Revue Bibliographique

Résumé :

Cet article présente une revue systématique et (ils parlent de méta-analyse de trois essais cliniques randomisés, n = 514 patients) évaluant les agonistes du récepteur du GLP-1 (GLP-1RA) — exénatide, lixisénatide et NLY01 — chez des patient·e·s atteint·e·s de maladie de Parkinson (MP). Ces molécules, initialement développées pour le diabète de type 2, ont montré des effets neuroprotecteurs potentiels dans les modèles animaux : réduction de l’inflammation, du stress oxydatif et amélioration de la signalisation insulinique cérébrale.

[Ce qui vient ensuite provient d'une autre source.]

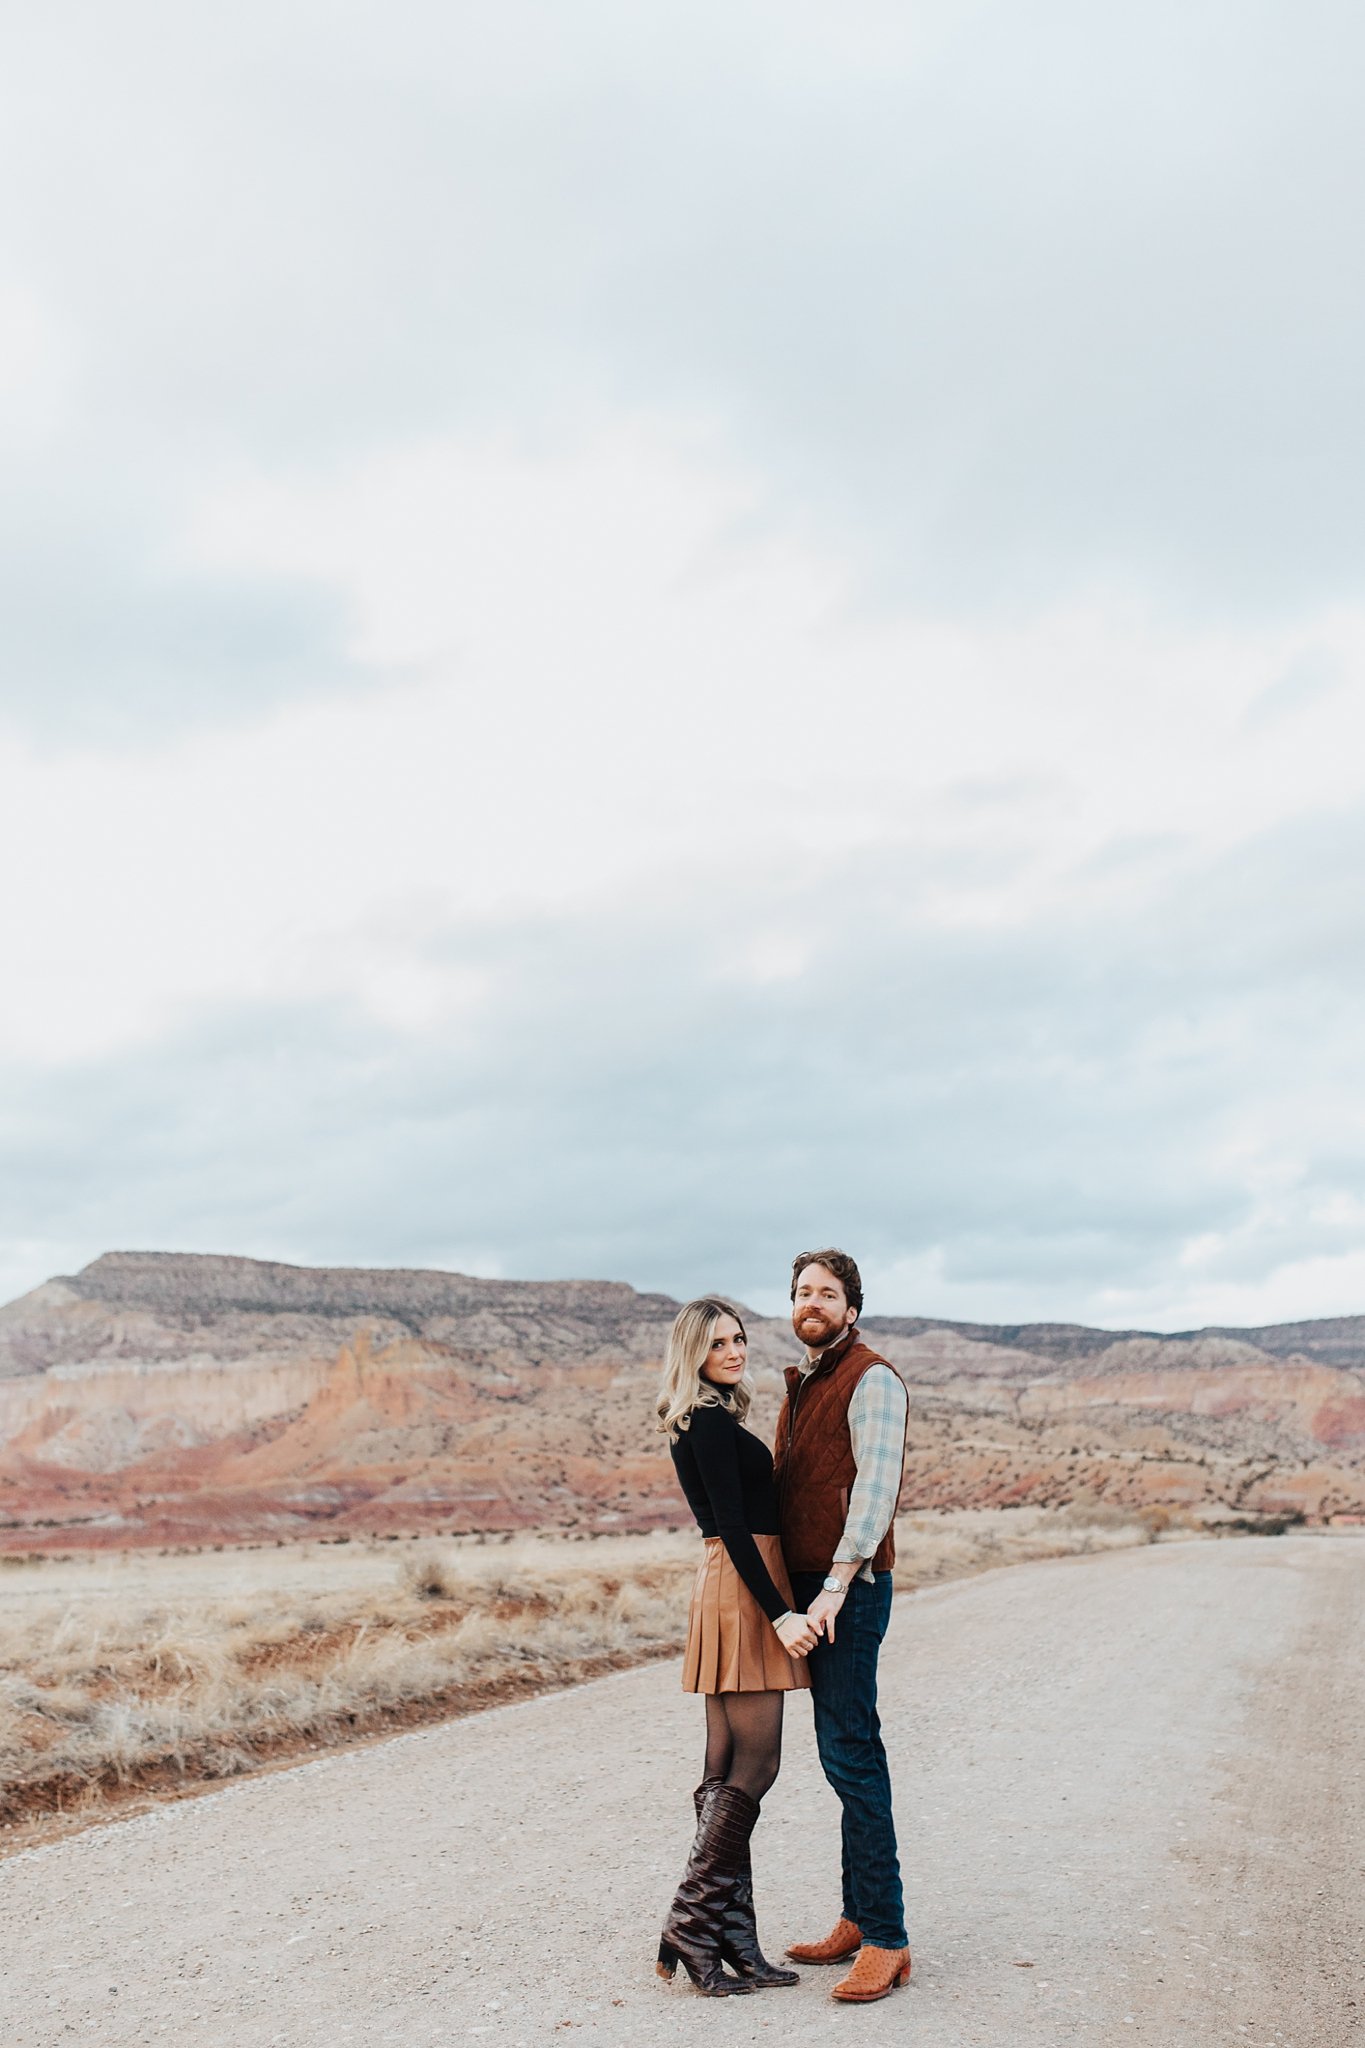 Alicia+lucia+photography+-+albuquerque+wedding+photographer+-+santa+fe+wedding+photography+-+new+mexico+wedding+photographer+-+new+mexico+wedding+-+southwest+engagement+-+ghost+ranch+engagement+-+ghost+ranch+wedding_0100.jpg
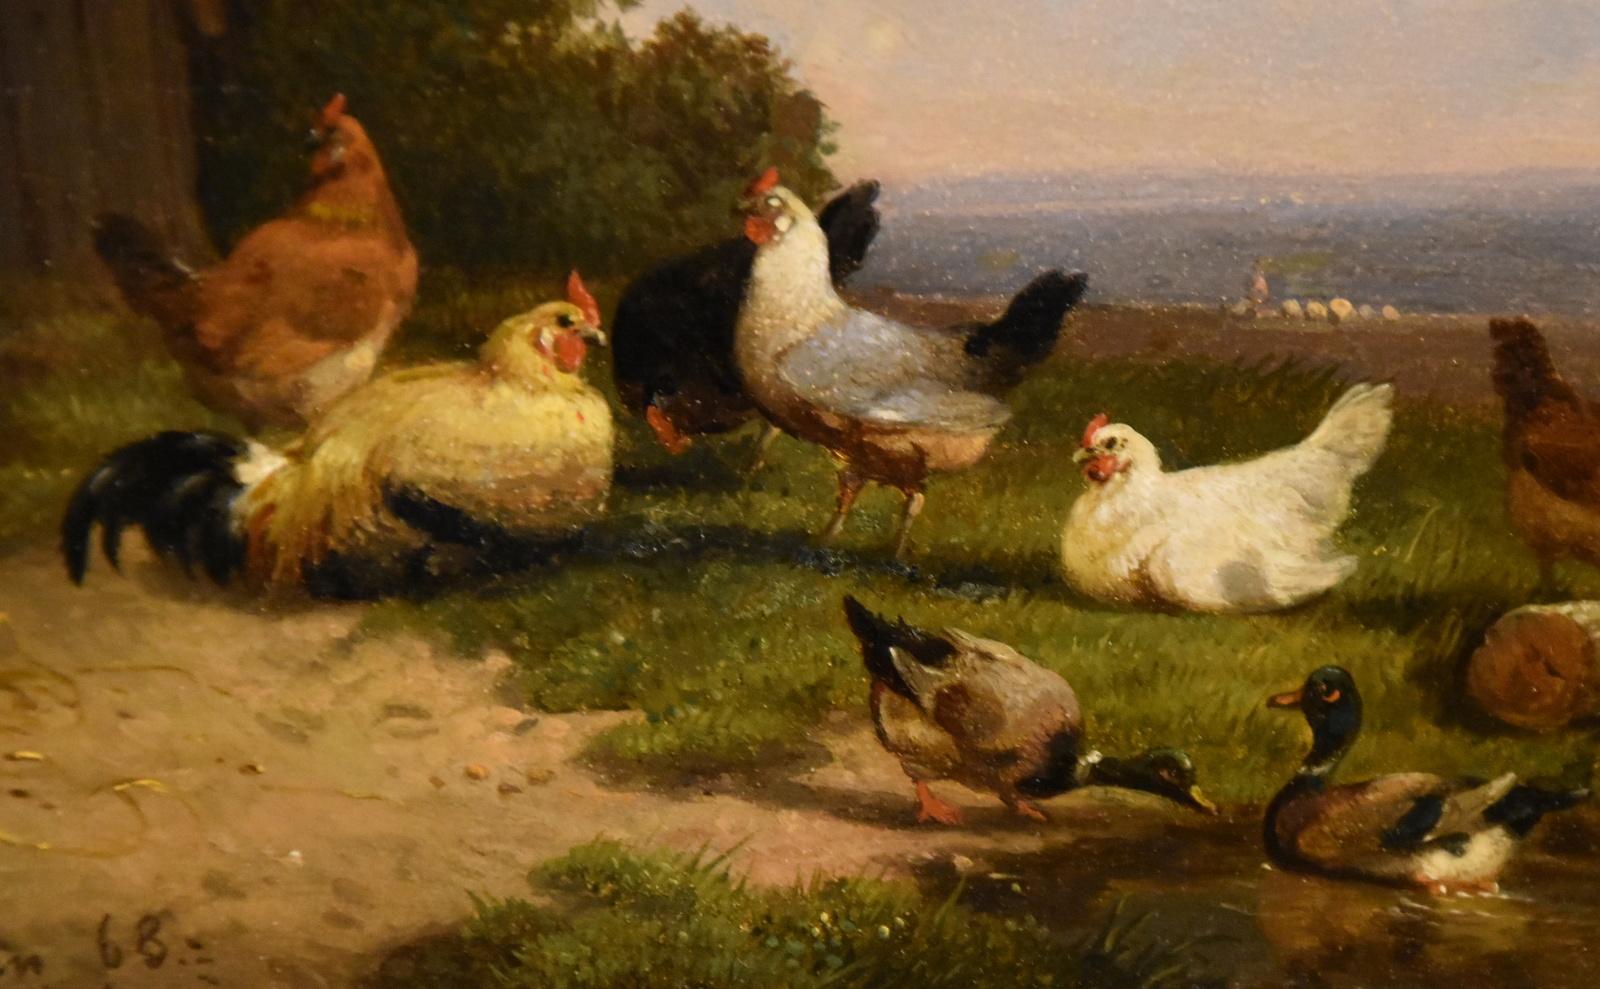 Oil Painting by Cornelius Van Leemputten “Chickens in Landscape”. Cornelius van Leemputten 1841-1902Painter of low countries scenes, cattle, sheep and primarily poultry. From a large family of painters. Oil on panel . Signed and dated

Les auteurs ont analysé l’effet de ces molécules sur la fonction motrice (score MDS-UPDRS part III) et sur les autres dimensions motrices et non motrices. Les résultats montrent l’absence d’amélioration significative de la fonction motrice par rapport au placebo (différence moyenne −0,90 ; IC 95 % −2,77 à 0,97 ; p = 0,34). Pire, un effet délétère modeste a été observé sur les activités motrices de la vie quotidienne (MDS-UPDRS part II). Aucune différence n’a été constatée sur les symptômes non moteurs (part I) ni sur les complications motrices (part IV).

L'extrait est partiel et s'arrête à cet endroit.